At Nemo there is a plentiful supply of winners’ medals. In Limerick there is a plentiful supply of hard luck stories. But Fitzgerald is adamant they have the raw materials.
He has worked with blue-chip forwards in his time and he’s convinced young Limerick duo of Ian Ryan and Ger Collins measure up to those standards.
“Talent-wise Ian and Ger are up there with the best in the country. It’s just about believing in themselves. That’s not easy. When you’re coming from Limerick and you’re 116 years without winning anything, it’s difficult.”
Hopes of making that elusive breakthrough have been hit this year by setbacks.
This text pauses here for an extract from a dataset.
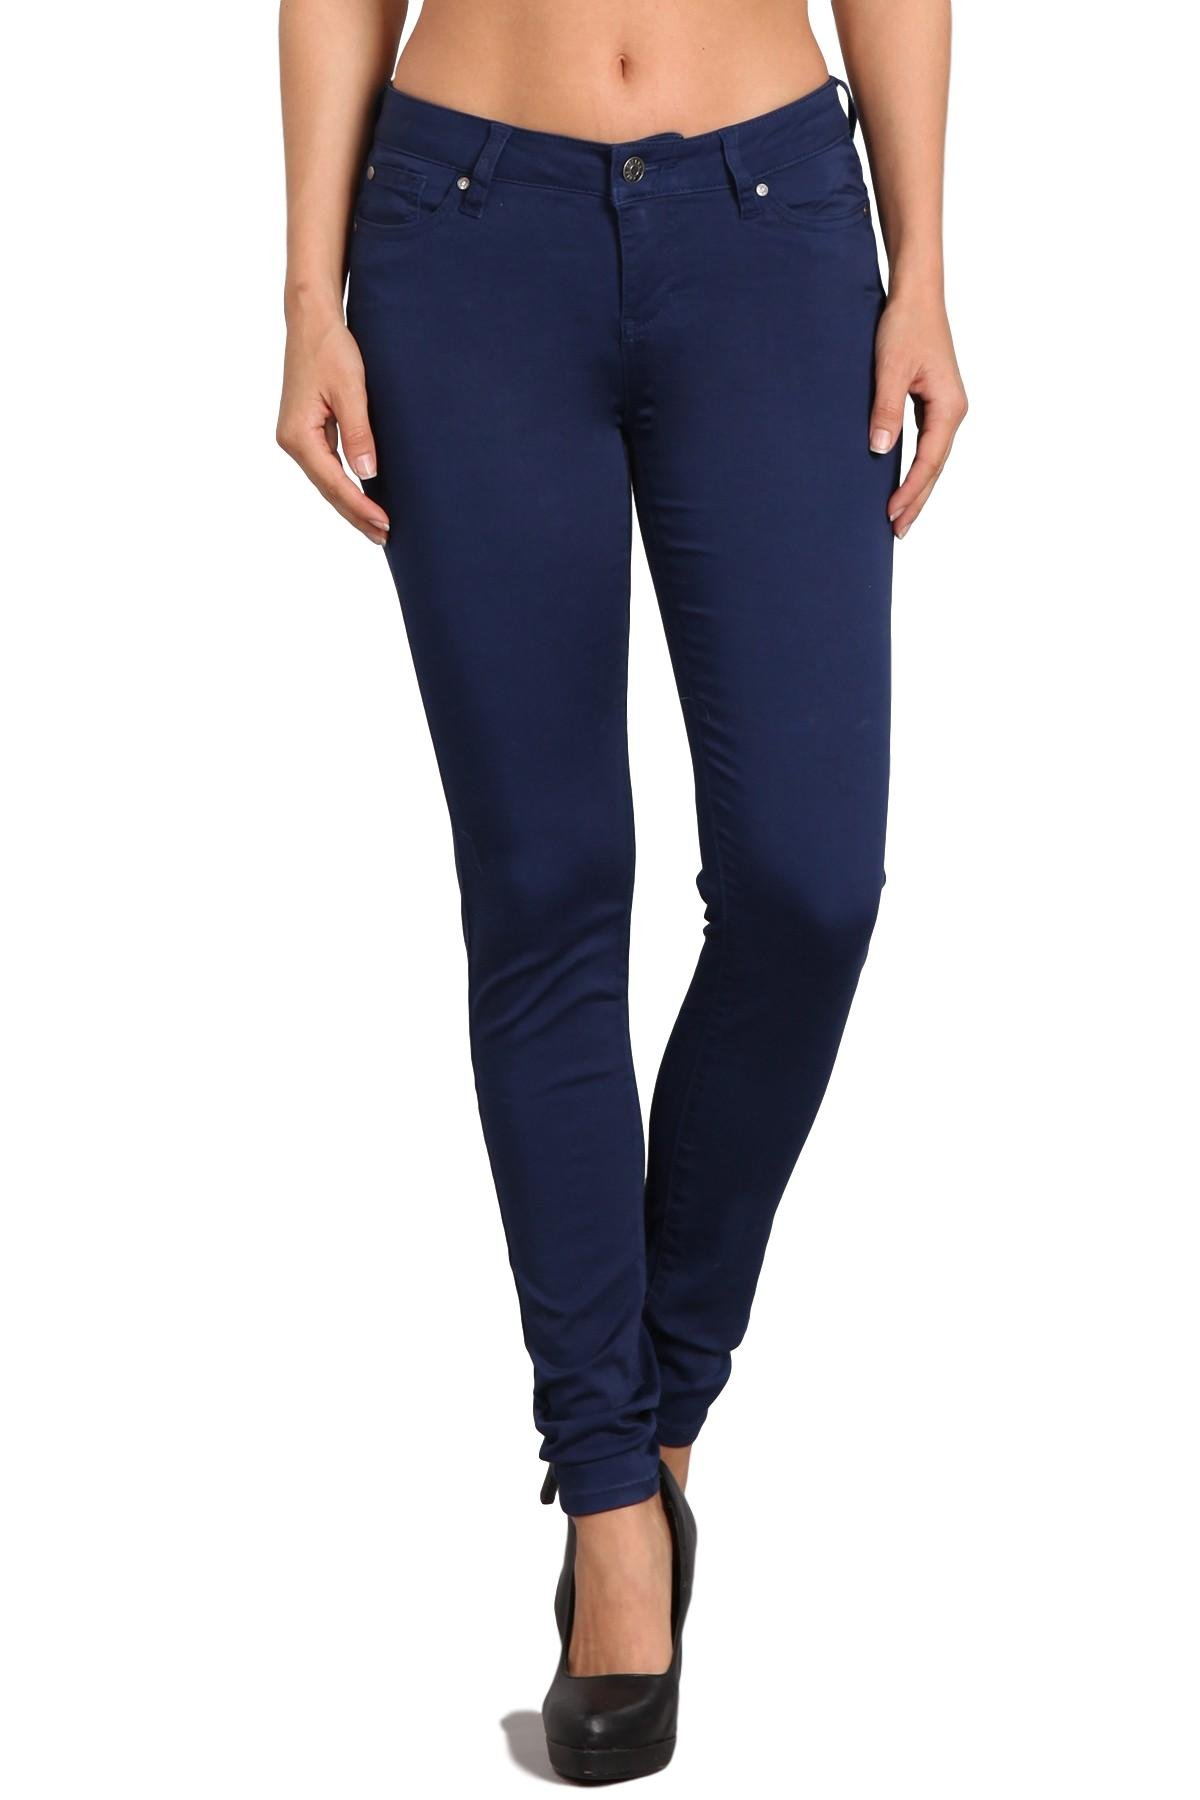 Celebrity Pink Women's Mid Rise Colored Skinny Pants CJ21038Z35 (Medeival Blue, 7/28)

James Ryan switched allegiances to the county hurlers early in the season. As the qualifier series has grown frantic this month, hurling commitments have drawn in Stephen Lucey and Mark O’Riordan as well. And then there is the ruinous streak of injuries that has plagued the squad, claiming their totemic midfielder John Galvin as its most high-profile victim.
“I’ve been involved in football a long time and I’ve never seen anything like the injuries we’ve had. We had to play Jim O’Donovan against Kerry when he was half injured and aggravated it. We brought on Eoin Joy in that game and he was gone a few minutes later with an injury. It’s been that sort of year.
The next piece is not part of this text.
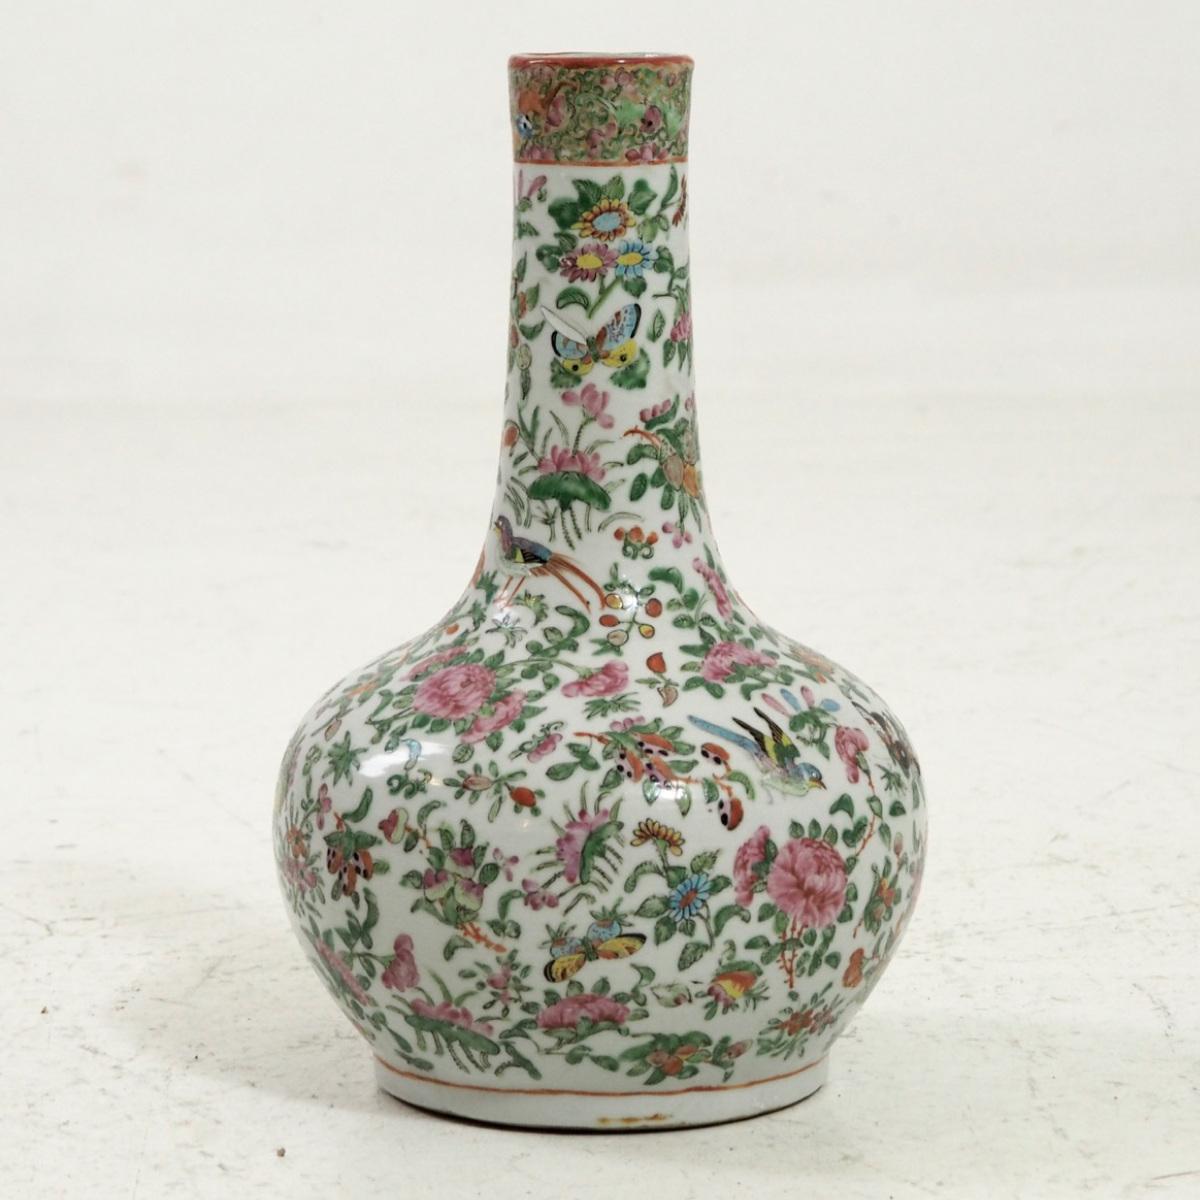 Vase0_srcset-large.jpg

“Losing the experienced lads has been a killer. You might get away without one, but not when you take four away. You can’t replace someone like Galvin, he always puts on his championship hat and performs.”
The task was made all the more difficult with the manner of their opening championship defeat. Limerick have prided themselves in handing Kerry vigorous tests in recent years but last month they were convincingly beaten by 11 points. Coupled with Waterford’s 18-point loss to Cork the following day, it was a weekend when football in the province took a battering. Yet Fitzgerald does not feel those views carry much currency.
“Teams in other provinces aren’t up against the same quality. Munster has the two best teams in the country. Who else is there? Maybe Dublin, Ulster and Connacht are much of a muchness.
“We were very disappointed by the loss to Kerry but it’s not really a big surprise is it that it was the big two in the final this year? Clare are the only one in the last 75 years to have won other than them. That says it all.”
Limerick returned to the training ground after that debacle and got back to work. The fruits of that labour were seen in last week’s win over Offaly and tonight’s battle with Waterford is one Fitzgerald is relishing. This may not have been a job he expected. But it is one he is savouring.